Saturday, June 06, 2009

Review & Photos : Animal Collective and Black Dice @ Stubb's

The last time we saw Animal Collective in Austin (in the summer of 2007 at Antone's), tickets for the show sold out a day or two before the show was to take place and you could probably have hassled the door staff to let you in even though it was sold out. For this show, two years and two new albums later, the band sold out Stubb's, a much larger venue, a couple of months prior to the show. What does this say about the band and how far they have come in the past two years? Their last two albums, 2007's Strawberry Jam and this year's Merriweather Post Pavilion, have been their most accessible and have gained a myriad of fans with each release. The crowd at this show was both younger and older than previous times and far more expansive.

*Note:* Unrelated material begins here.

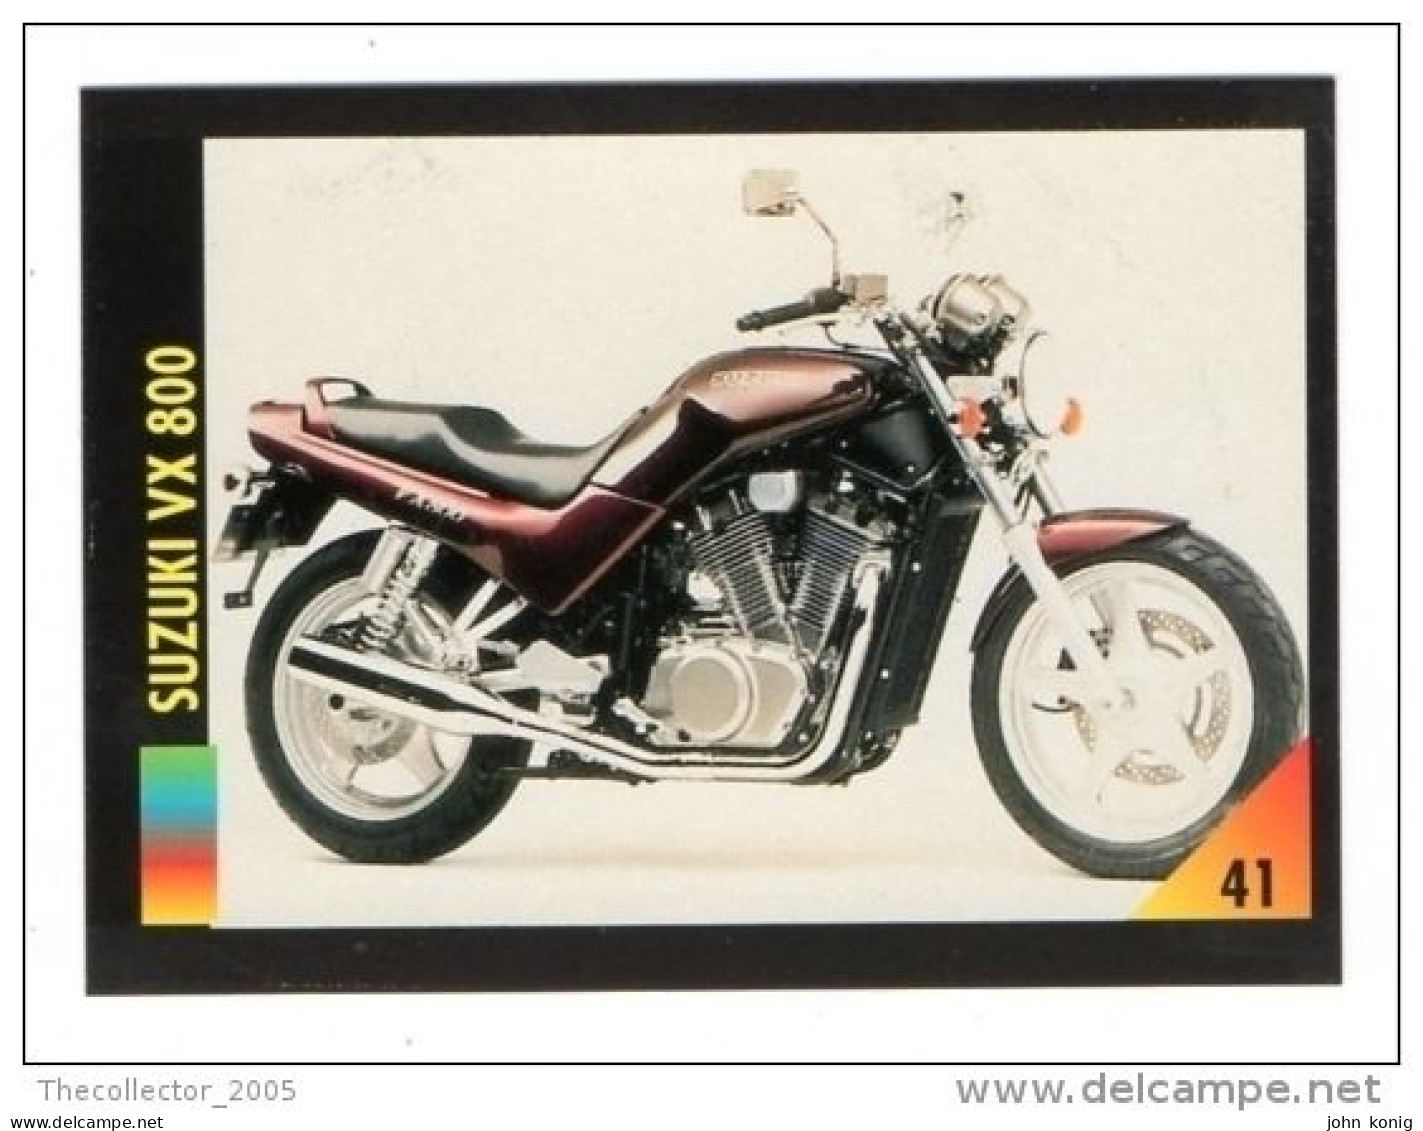 FIGURINA TRADING CARDS - LA MIA MOTO - MY MOTORBIKE - MASTERS EDIZIONI (1993) - SUZUKI VX 800 - Moteurs

This time, the band brought along Black Dice, which was kind of a breathe of fresh air from last time's headache Sir Richard Bishop. That being said, I think that some of those not used to the noisier side of the spectrum walked away from Black Dice's set with a headache. The band started the set with this muddy wall of sound and morphed into a set with samples and more structure and something that the crow could dance to and relate with as "normal music", but only vaguely so. Some went wild, and some had their ears plugged. They are a polarizing band, both live and on record, and that's one thing I like about them.

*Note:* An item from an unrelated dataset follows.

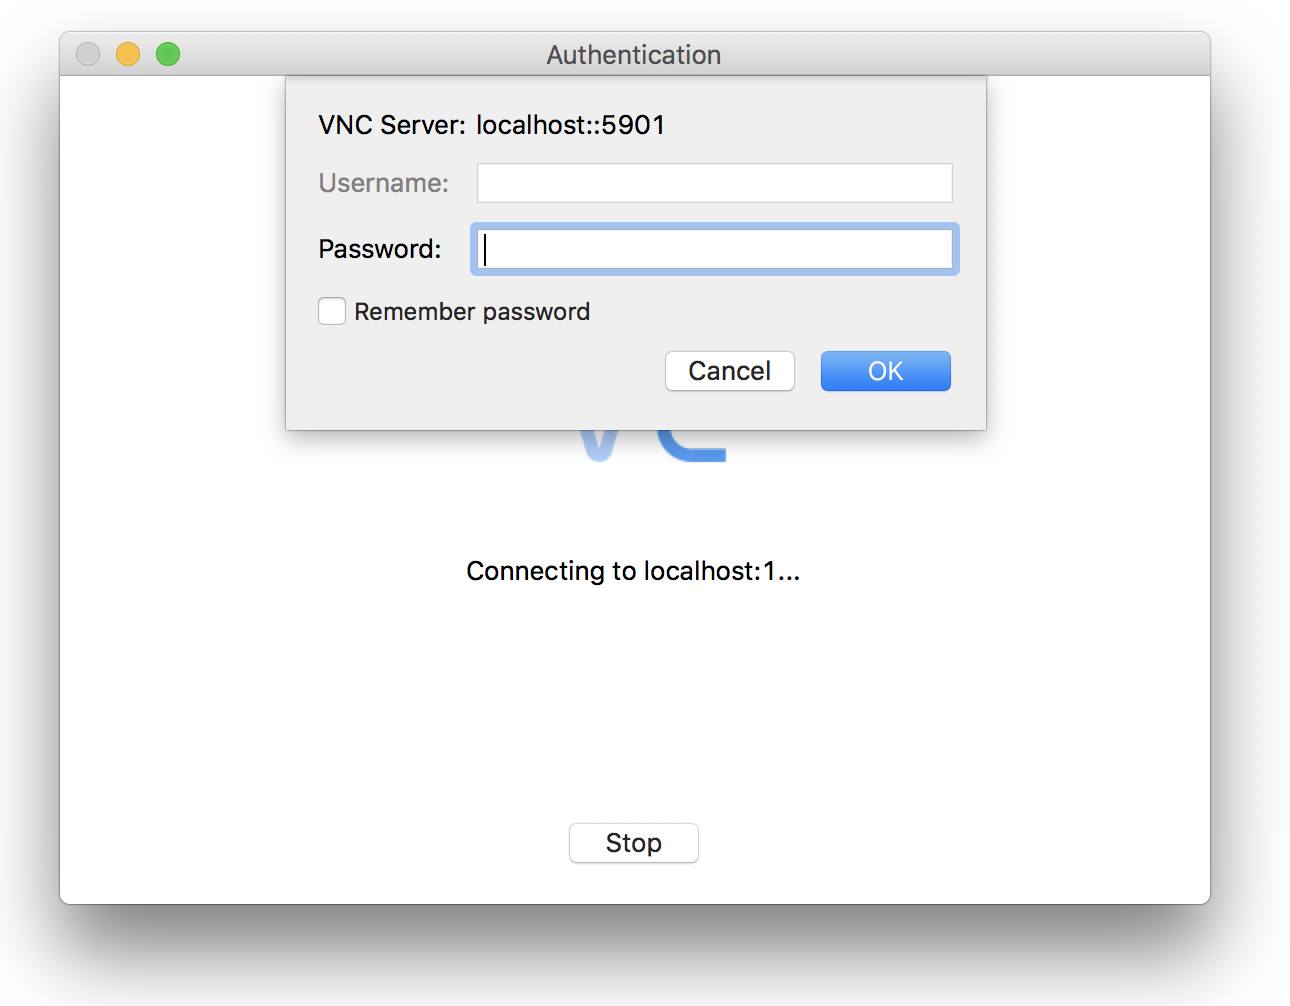 The VNC password prompt.

Animal Collective has seen a dramatic increase in exposure in the past two years, but aren't quite to the point where they have reached mainstream success like several smaller artists have in the past couple of years. I don't often see bands that get applause by playing the first few notes of a song, but that happens with Animal Collective now. They have been playing the songs from MPP for two years now and a good deal of the people who listen to the band have a thorough knowledge of the album, probably more so than the band's back catalogue. The band ran through a good number of songs from the album and several of the songs garnered large amounts of applause from the crowd when they were able to recognize what the next song would be from the muddled outro of the previous song. The lighting was the perfect compliment to the instrumentation by the band and the mix of the songs played worked well with each other in a live setting and the band was in top shape in another great live incarnation.